Setup conf/variables.sh

  • Change the BASE_DIR to the path of your folder after you clone the git repo

Training:

  • Settings are stored in conf/variables.sh
  • Change DATA_PATH to your folder that contains all subfolders for training
  • Change DATA_LIST to your text file name that contains list of subfolders for training and validataion. 1st line is for validation, the rest is for training.
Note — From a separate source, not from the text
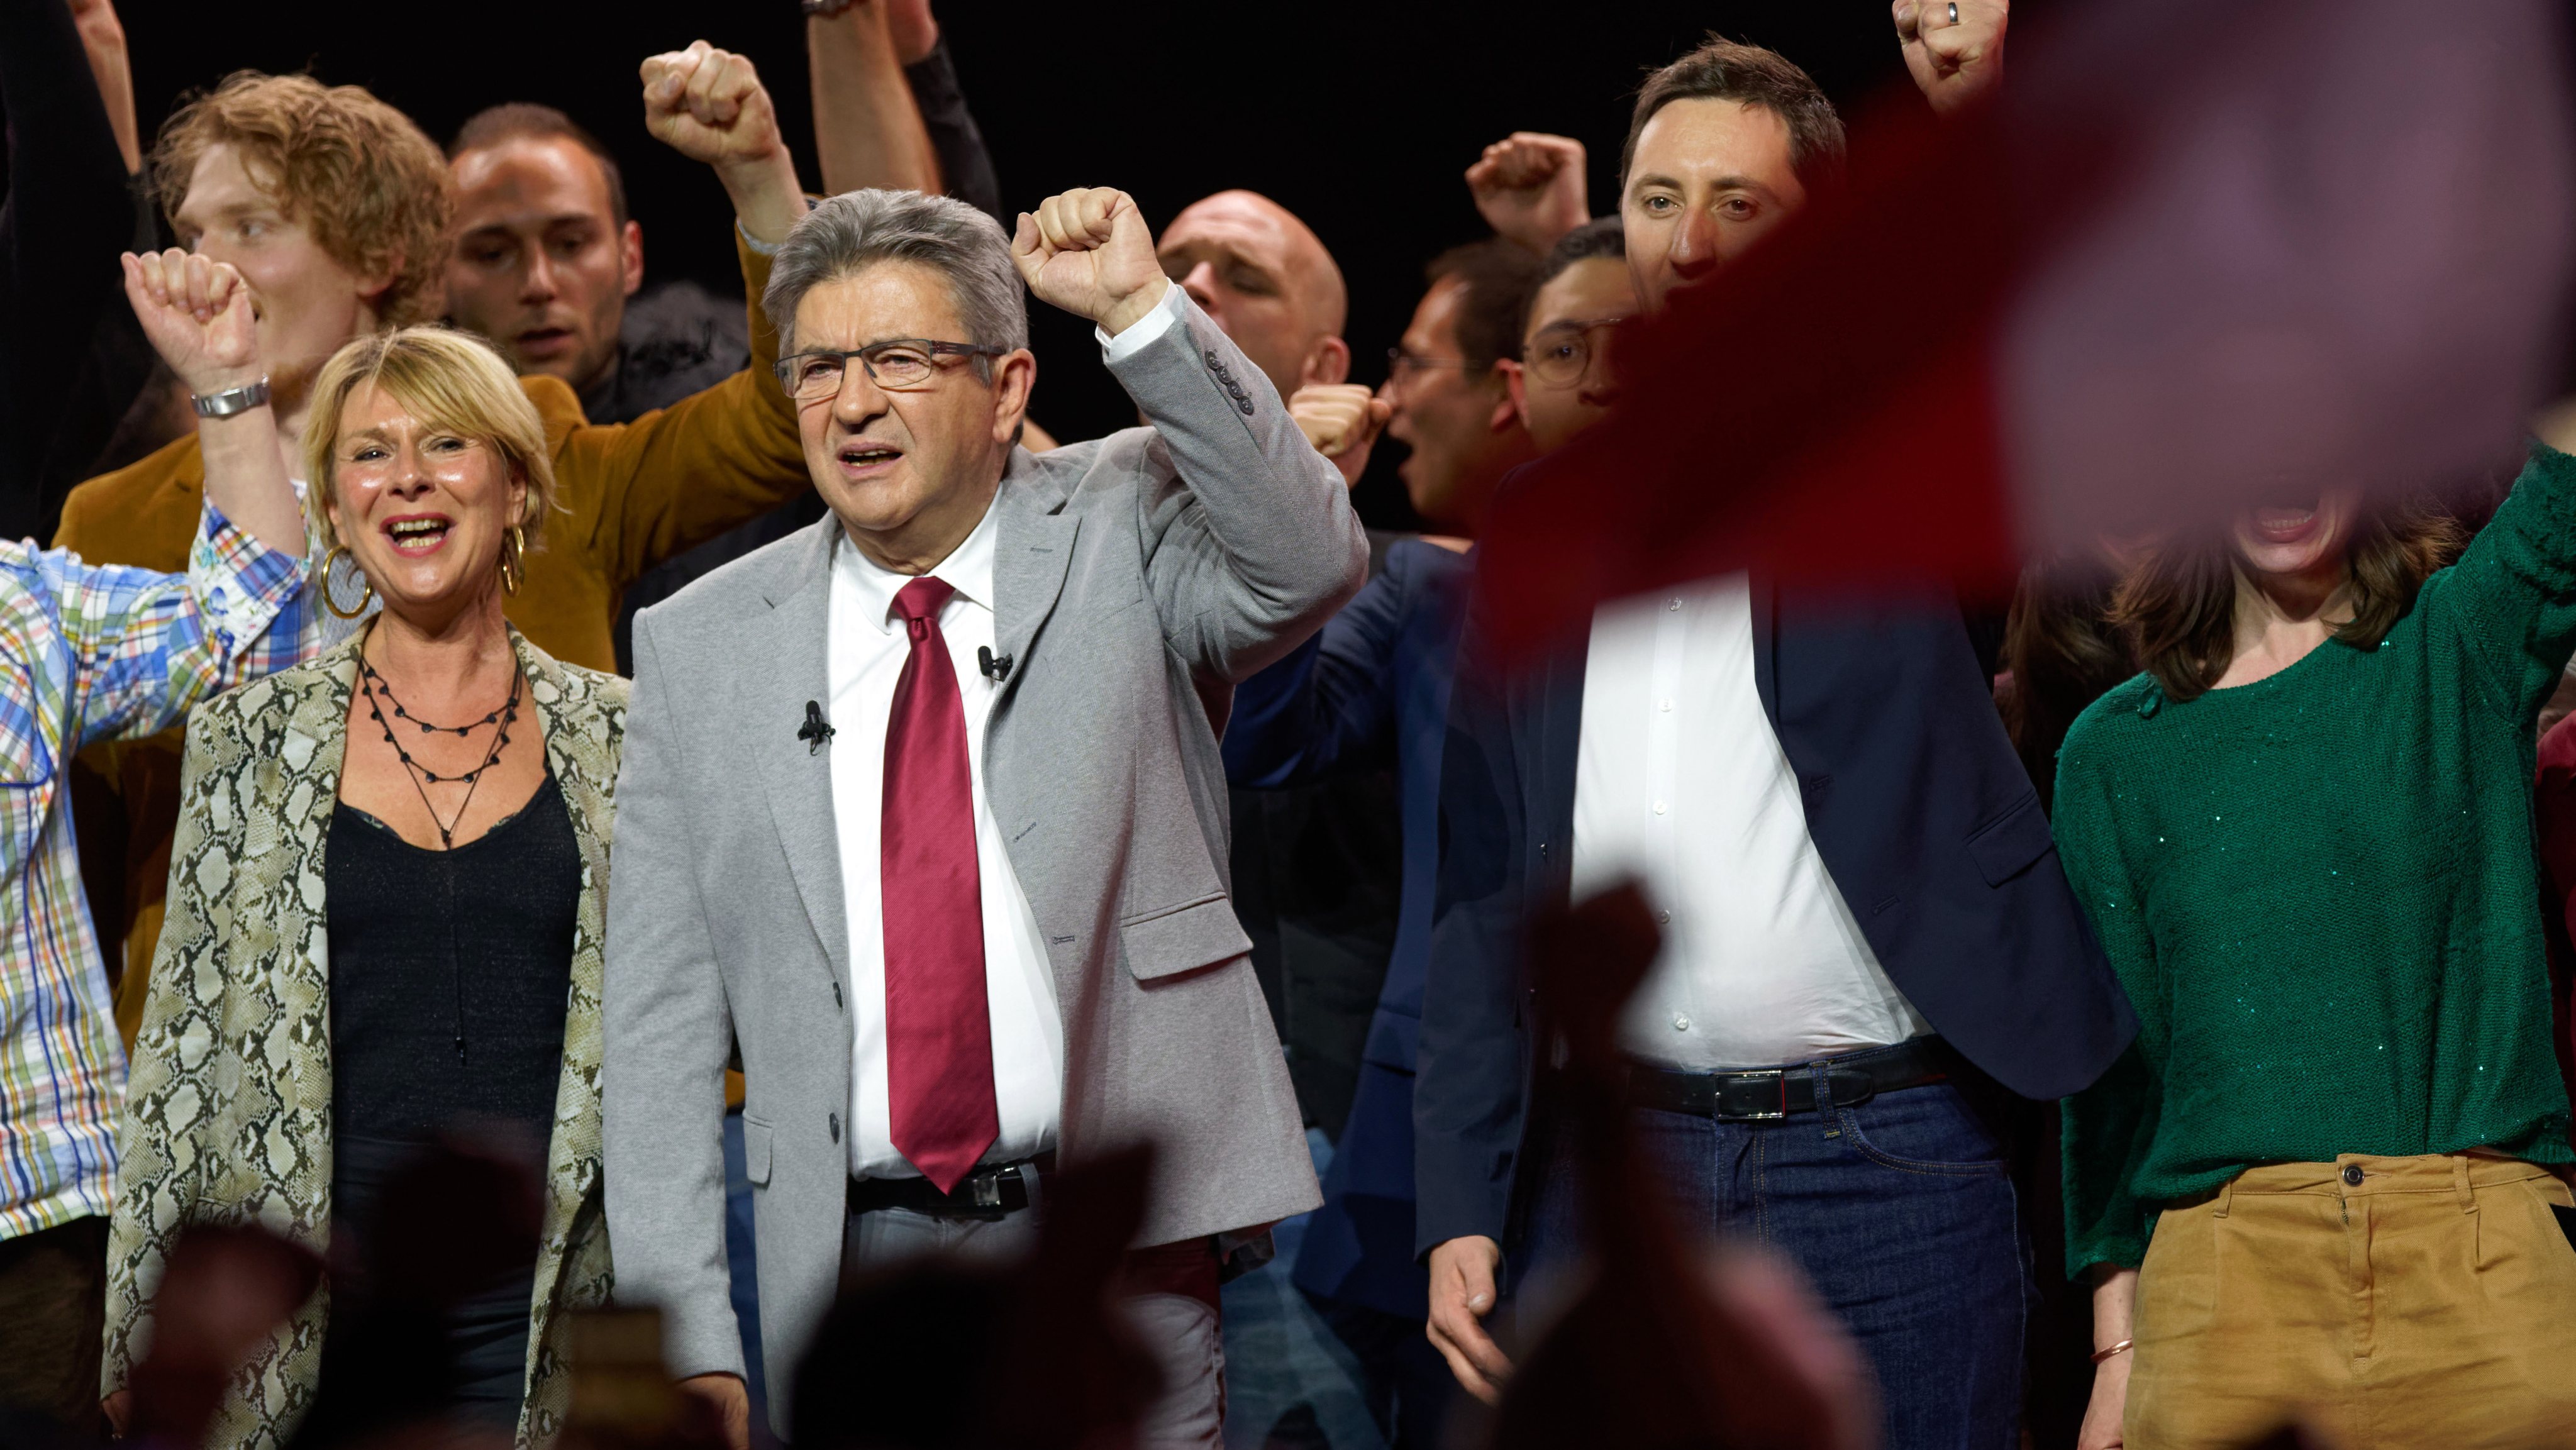 French Left-Wing Presidential Candidate Jean-Luc Melenchon At The Final Rally On The Campaign Trail

Example of the list is tumor_data_list_toy.txt
  • Run a demo training that uses a subset of training data: python train_cancer_cnn_Resnet_pretrained.py
  • To run a full training that uses all training data, remove line 107-111 in "train_cancer_cnn_Resnet_pretrained.py", then run python train_cancer_cnn_Resnet_pretrained.py
  • Log files are in data/log
  • Trained models are in "checkpoint"

Testing

Preparation:

  • Change MODEL in conf/variables.sh to your model name that is stored in data/models_cnn
  • Copy all .svs files to data/svs
    • For example, cd to your data/svs, run "cp /data01/shared/hanle/svs_tcga_seer_brca/TCGA-3C-AALI-01Z-00-DX2.svs ."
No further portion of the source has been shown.